Your answer must be the listing repeated word for word, without its pictures.

----- Dataset excerpt

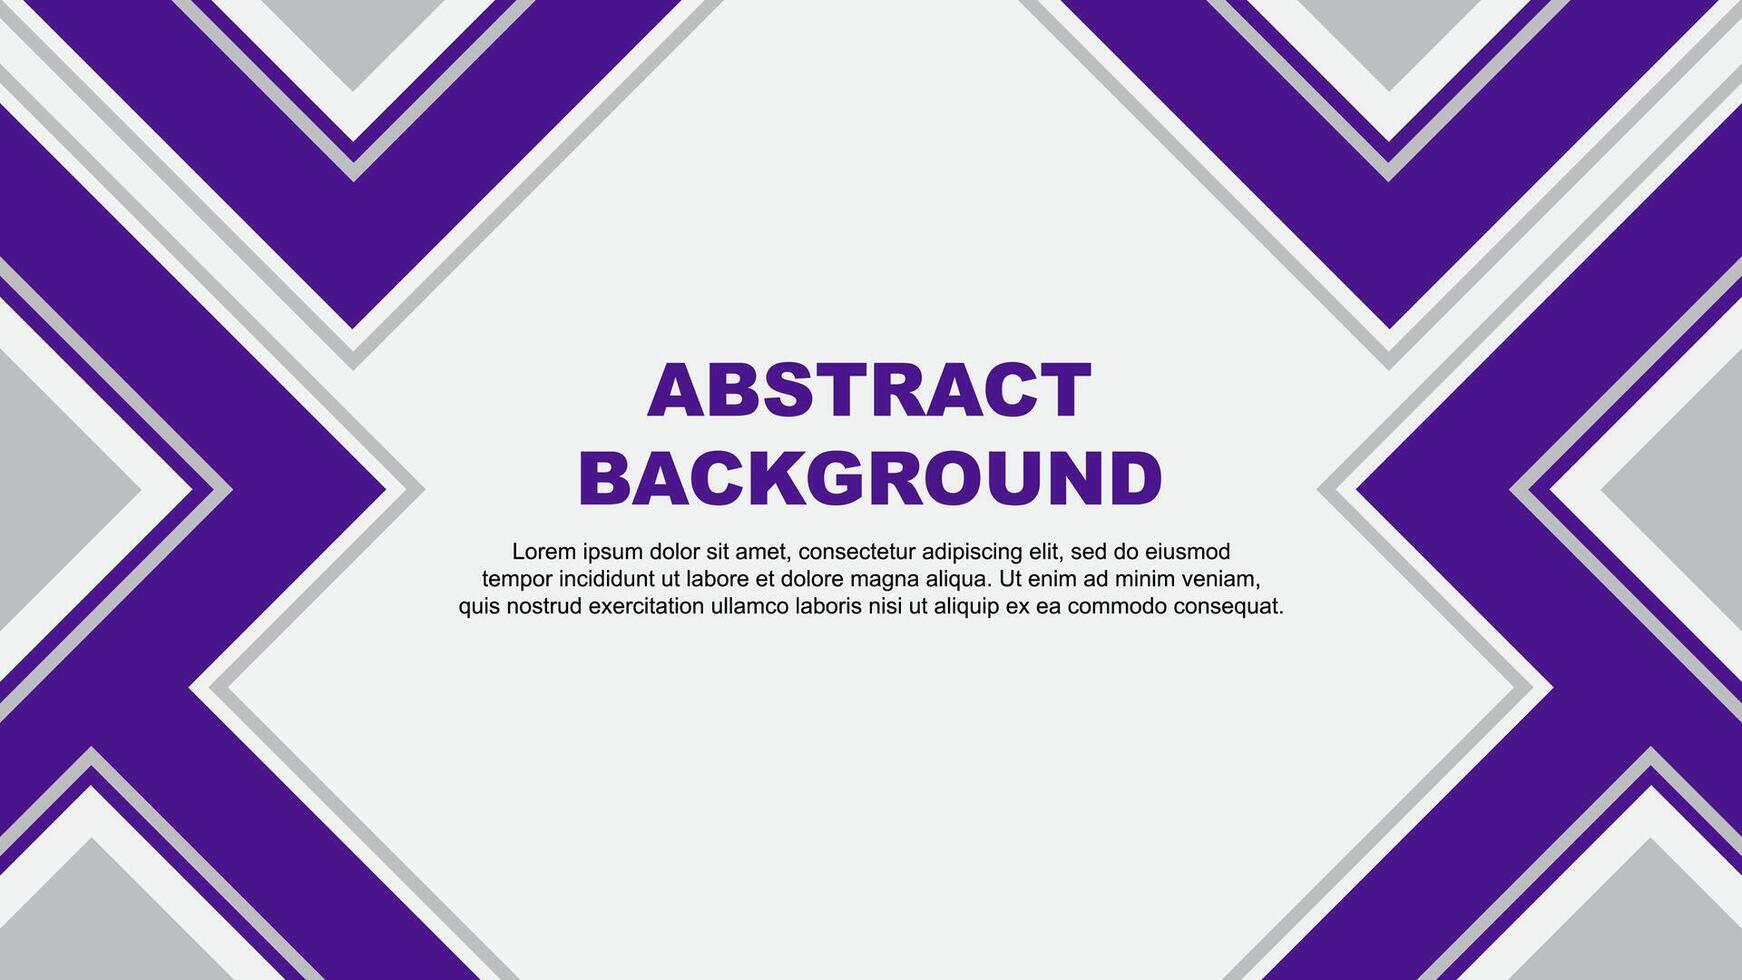 Abstract Purple Background Design Template. Banner Wallpaper Vector Illustration. Purple Vector
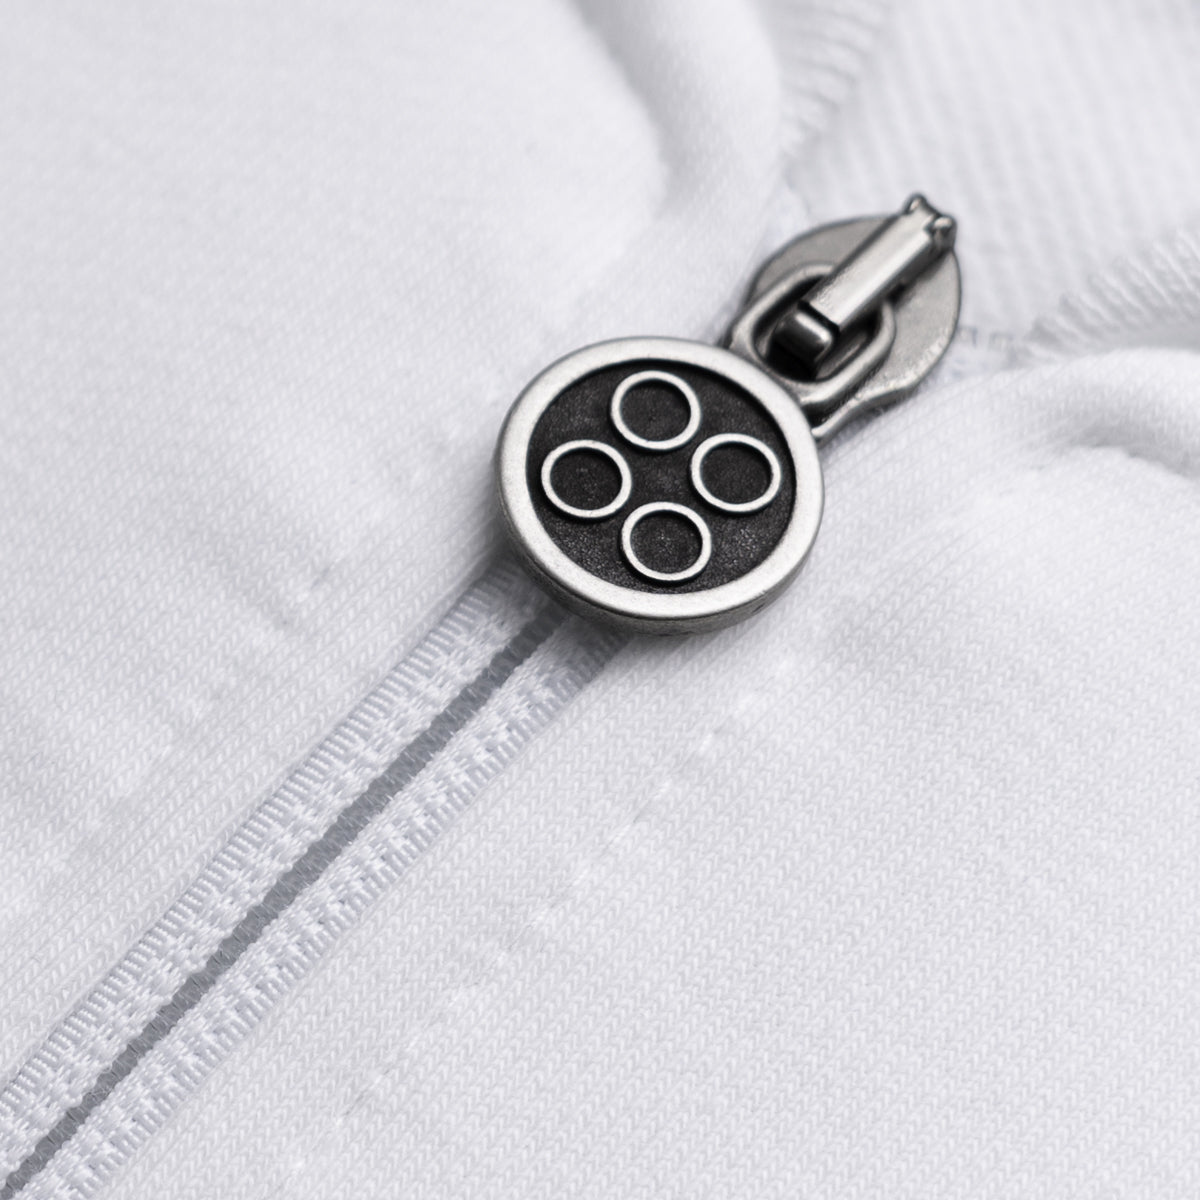 Men’s basic full-zip sweatshirt white | Team Collection
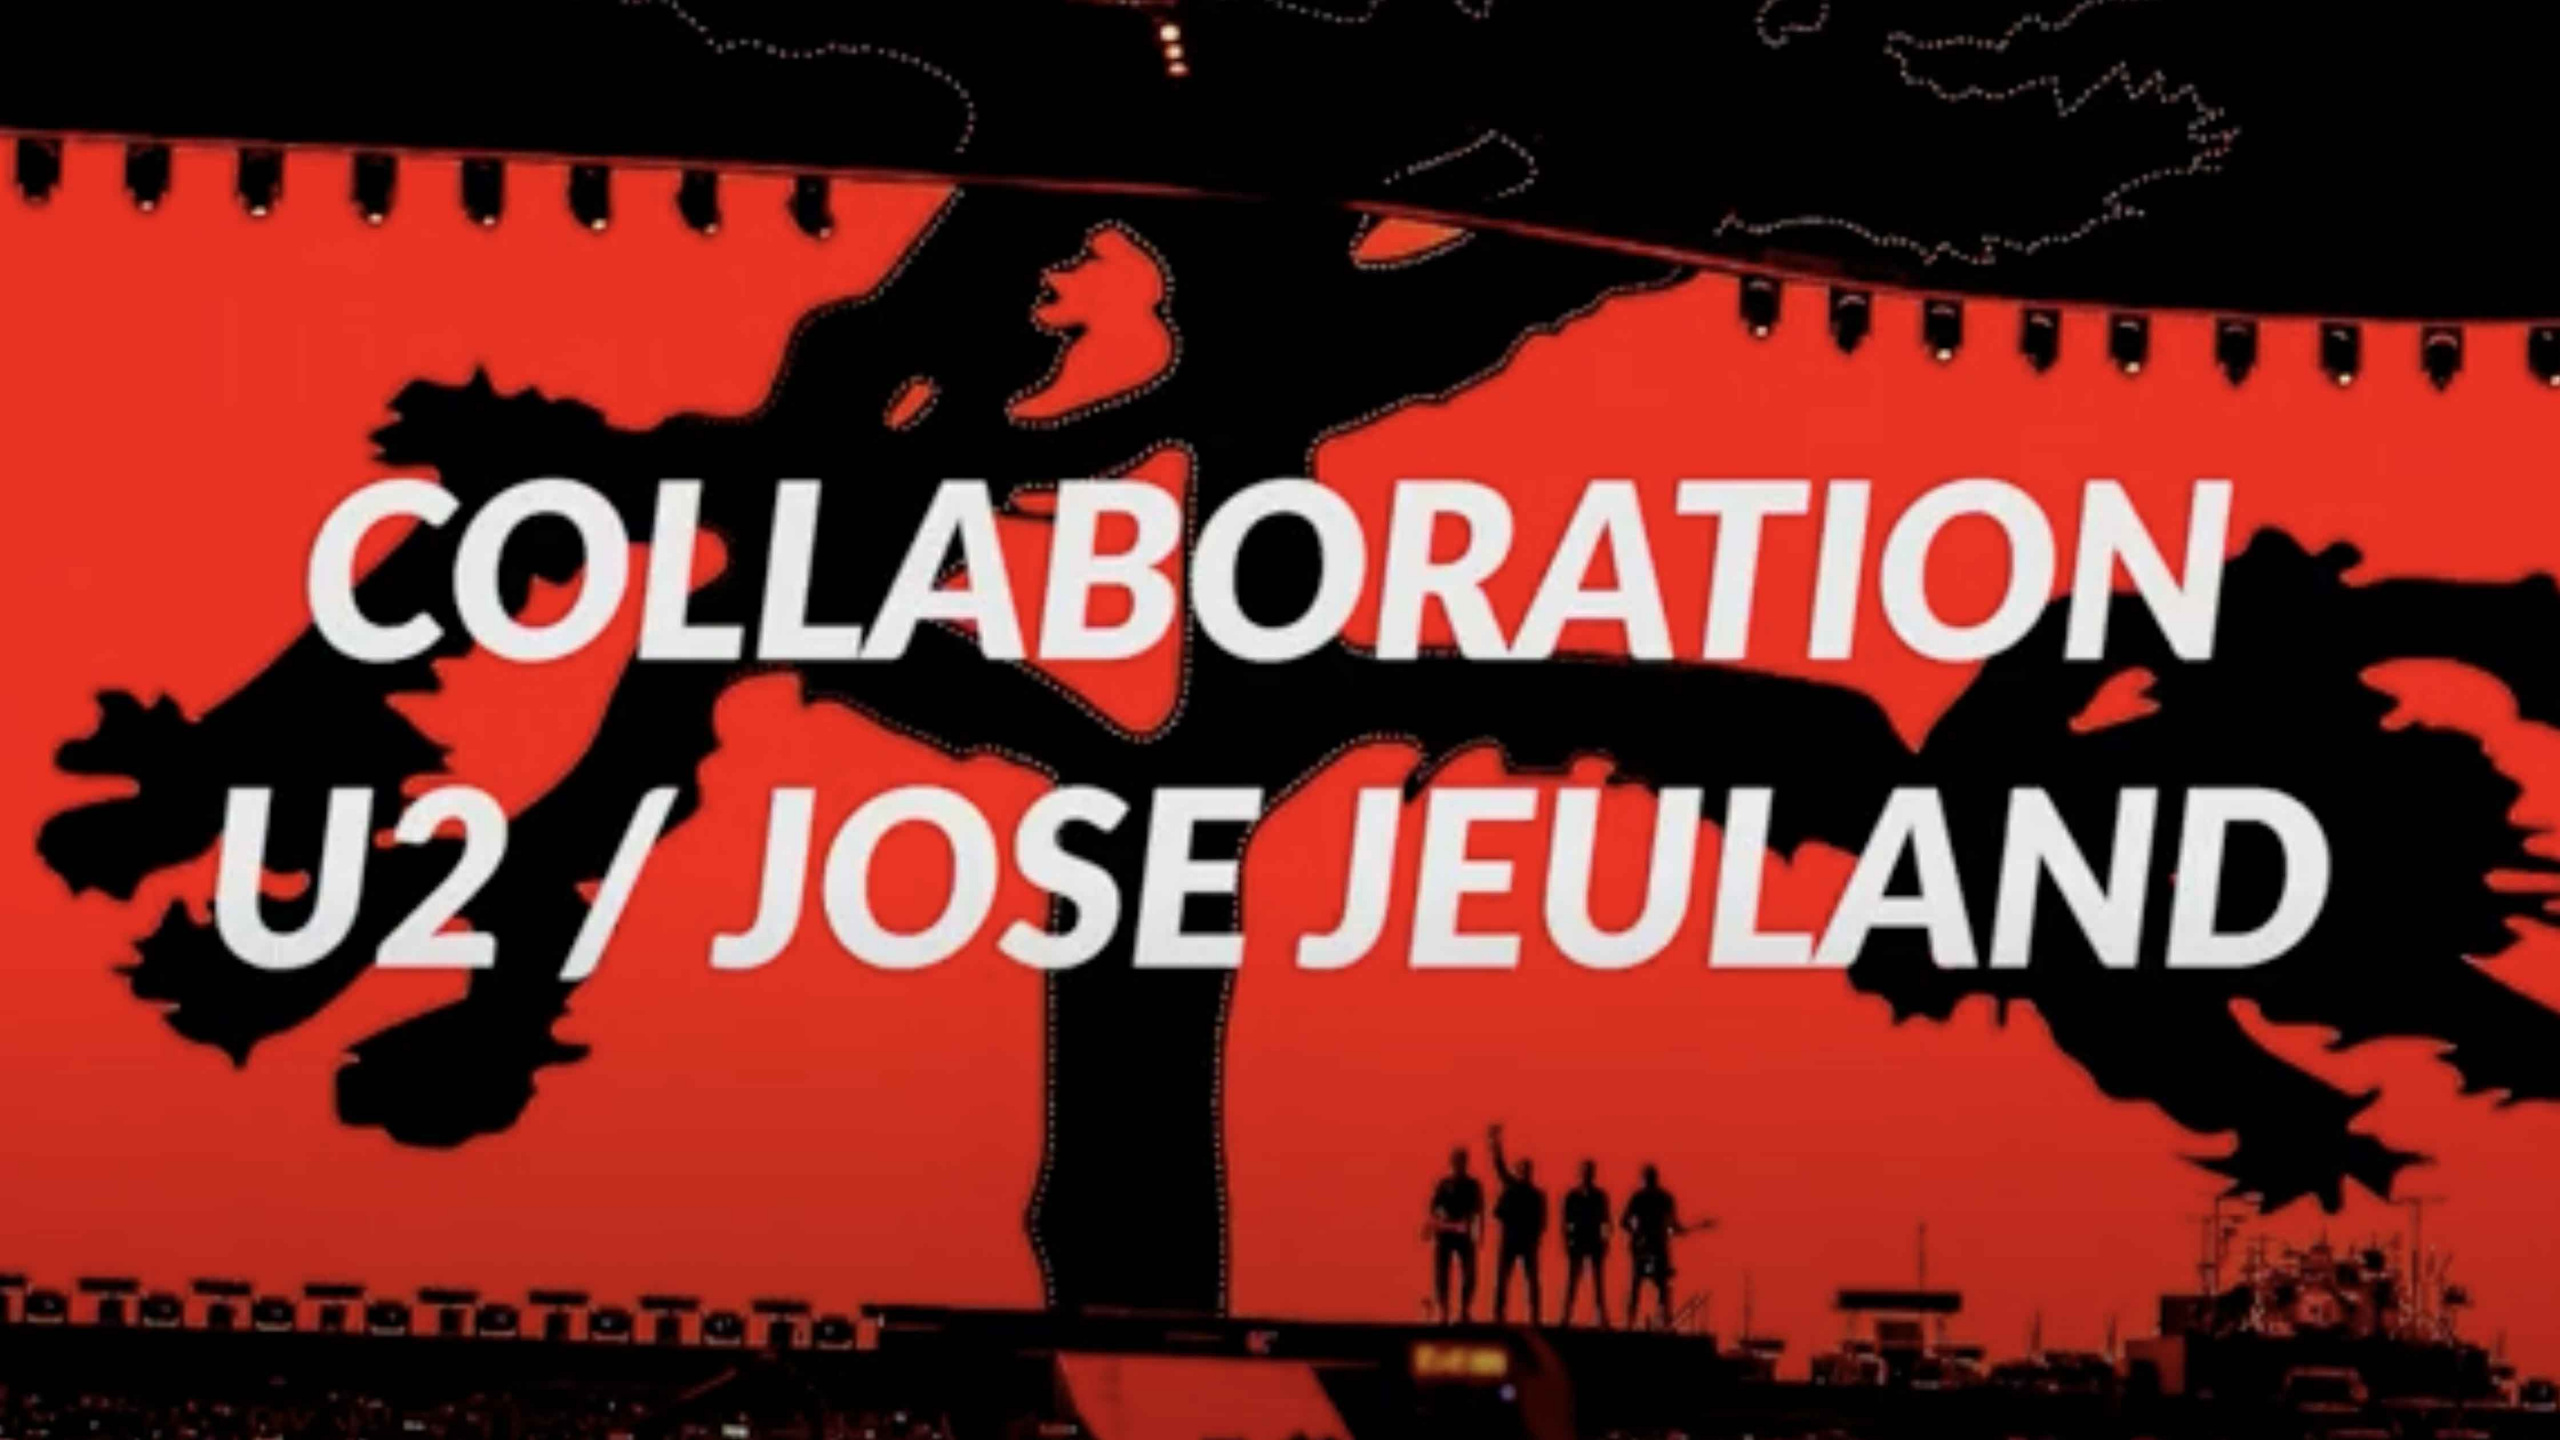 Screenshot U2 band collaboration with Jose jeuland photographer video production company in singapore coco creative studio

----------

**Solution to this exercise:**
 Abstract Purple Background Design Template. Banner Wallpaper Vector Illustration. Purple Vector
 Men’s basic full-zip sweatshirt white | Team Collection
 Screenshot U2 band collaboration with Jose jeuland photographer video production company in singapore coco creative studio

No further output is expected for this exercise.